Cook has a genius with titles that are almost one line poems in themselves. “Temp Work in Seven Atmospheres,” “Birthday of the Thirty-Five Gemini’s,” “The Gossip and Incompleteness of American Winter,” are three examples. The collection is divided into four sections, with Part One and Part Four containing the thirteen Songs for the Extinction of Winter. These are sequences that repeat and enlarge the themes of lastness and lostness, how the epochal and personal entwine. The images and voice of Rob Cook have been compared to that of Cesar Vallejo. It has been noted that the “difficulty of his poetry [Vallejo’s] initially hindered the international recognition it deserves.” Like Vallejo, Cook’s poetry might be considered difficult and the same sort of descriptive language applied to Vallejo’s work–“impressionistic, chaotic, even incomprehensible”—might be applied to Songs for the Extinction of Winter. Vallejo and Cook share the visionary eye, the quick surprise, vulnerability and often a quizzical playful tone that a child might delight in.
The moon made of cobwebs taken by wind/will hurt us, and soon. Yet there are differences, timing being one. Cook confronts not the Spanish Civil War but the deflowering of 21st century capitalism that had overreached to the point it can no longer be sustained, a time of ultra-careerism and self-promotion, a rankness where poetry exists to illuminate the poet. Vallejo labored in obscurity struggling mightily to elevate the poem not the “I.”

Cook takes up that struggle and makes poetic subject of the flattening of the individual into a consumer. For market shares, the feral world is being forced back everywhere. People in elevators complain, ”I hate it.

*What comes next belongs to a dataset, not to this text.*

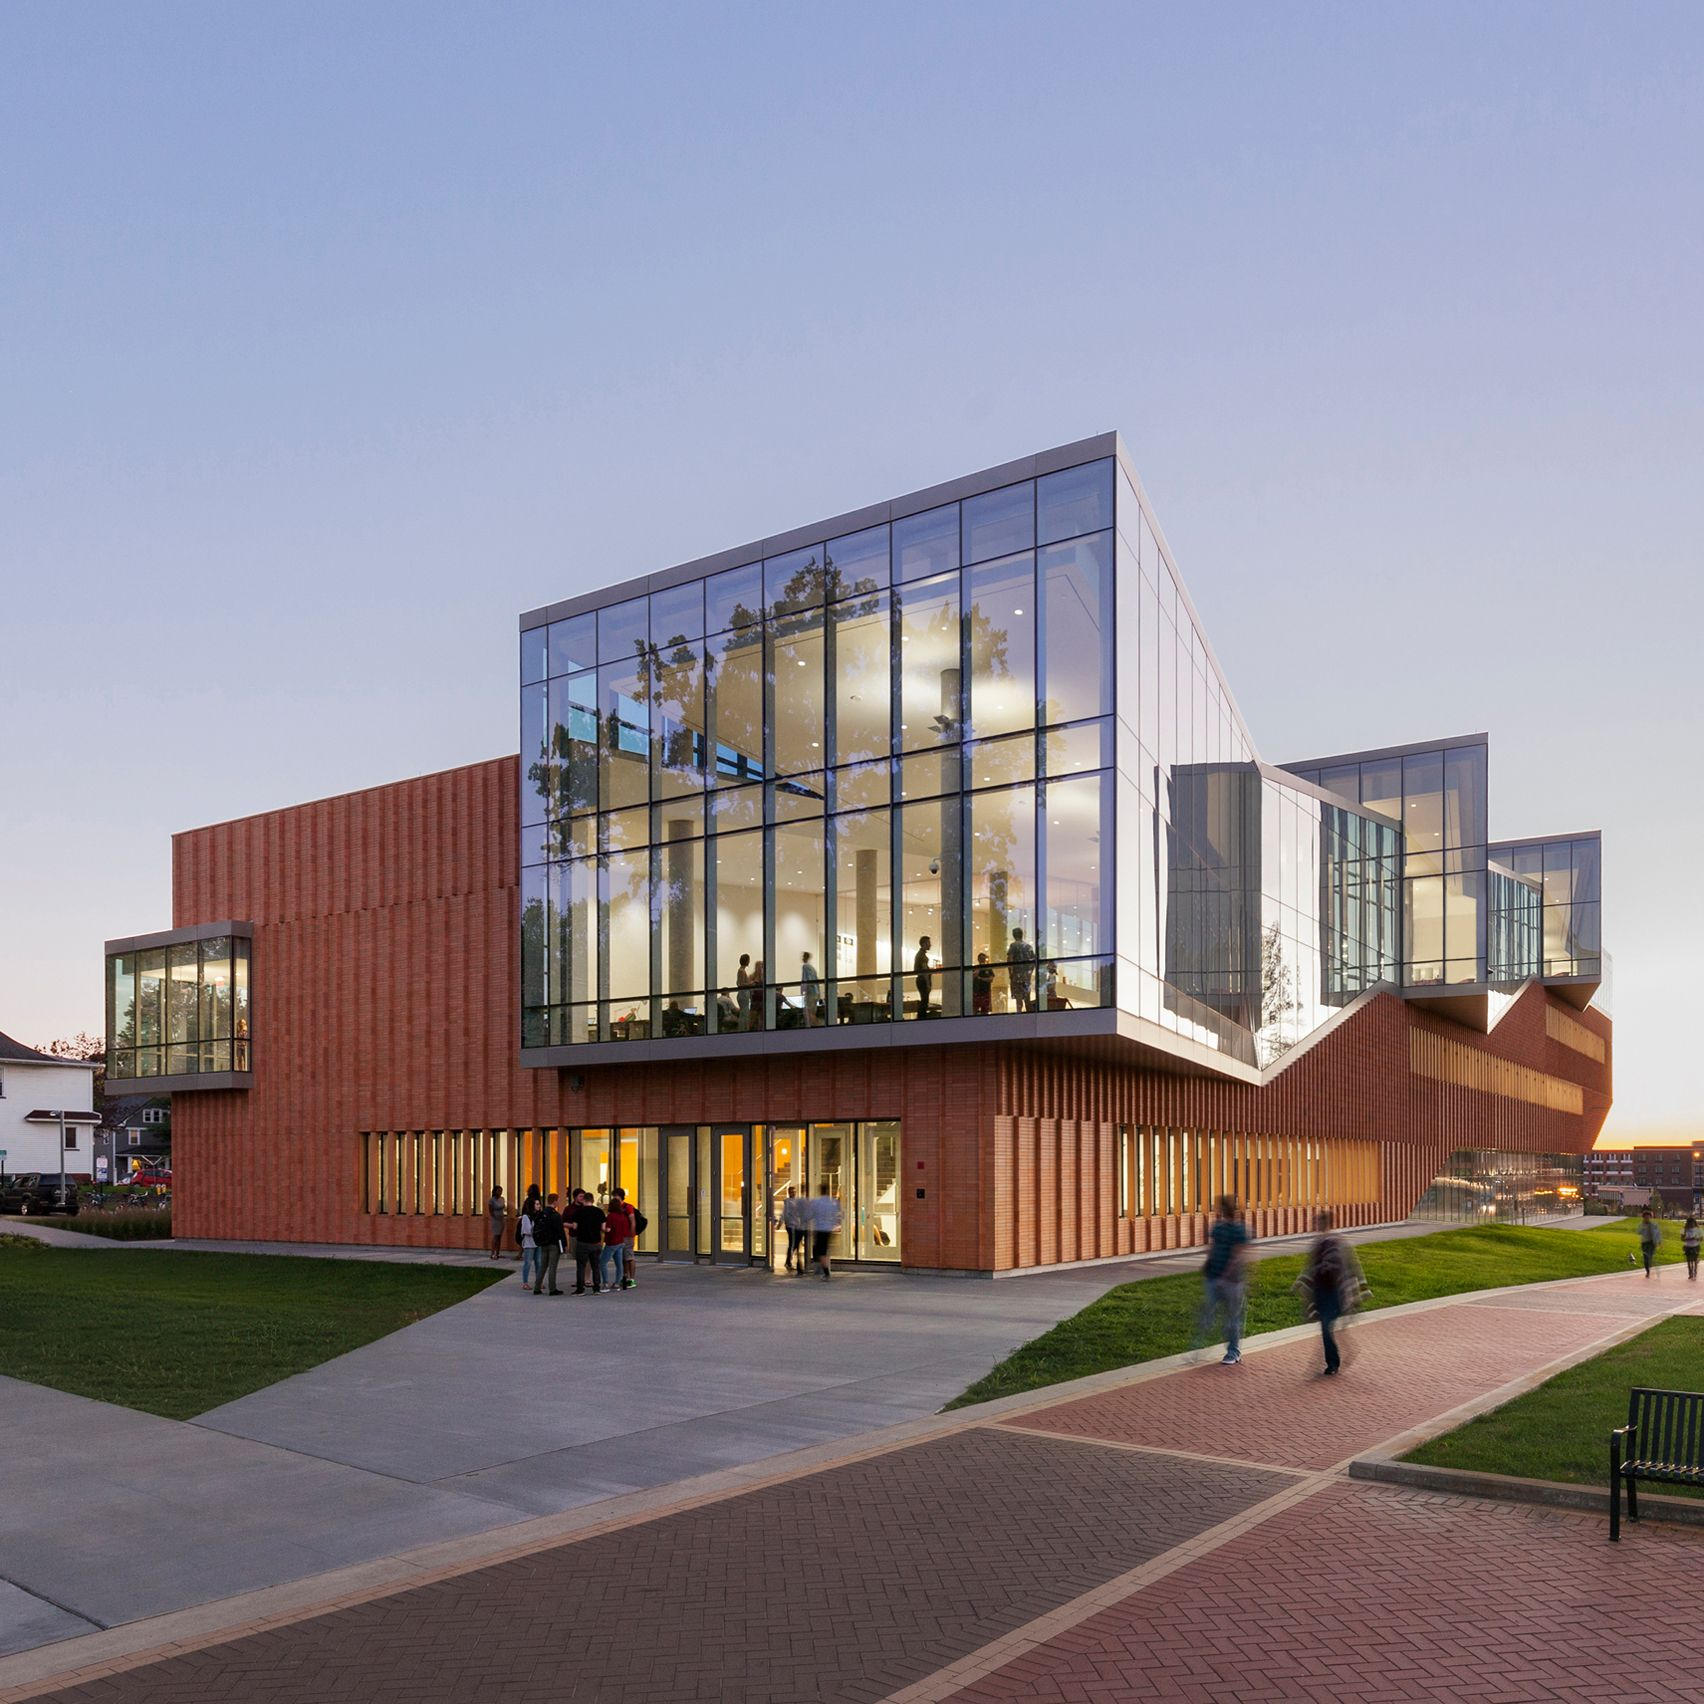 Utah Home Design Architects: American Studio Weiss Manfredi Used Glass, Brick And

Winter just isn’t me.” This is the poet for the age without masters. His songs are against platitudes, against slum megapolises, against crop depletion, against love depletion. In the saying and seeing of that which hasn’t been seen or told before there is extraordinary imagery and breathtaking beauty. There is a pause in the weather that makes you tremble/Because of its teeth that sound like the flawed whispering of deer.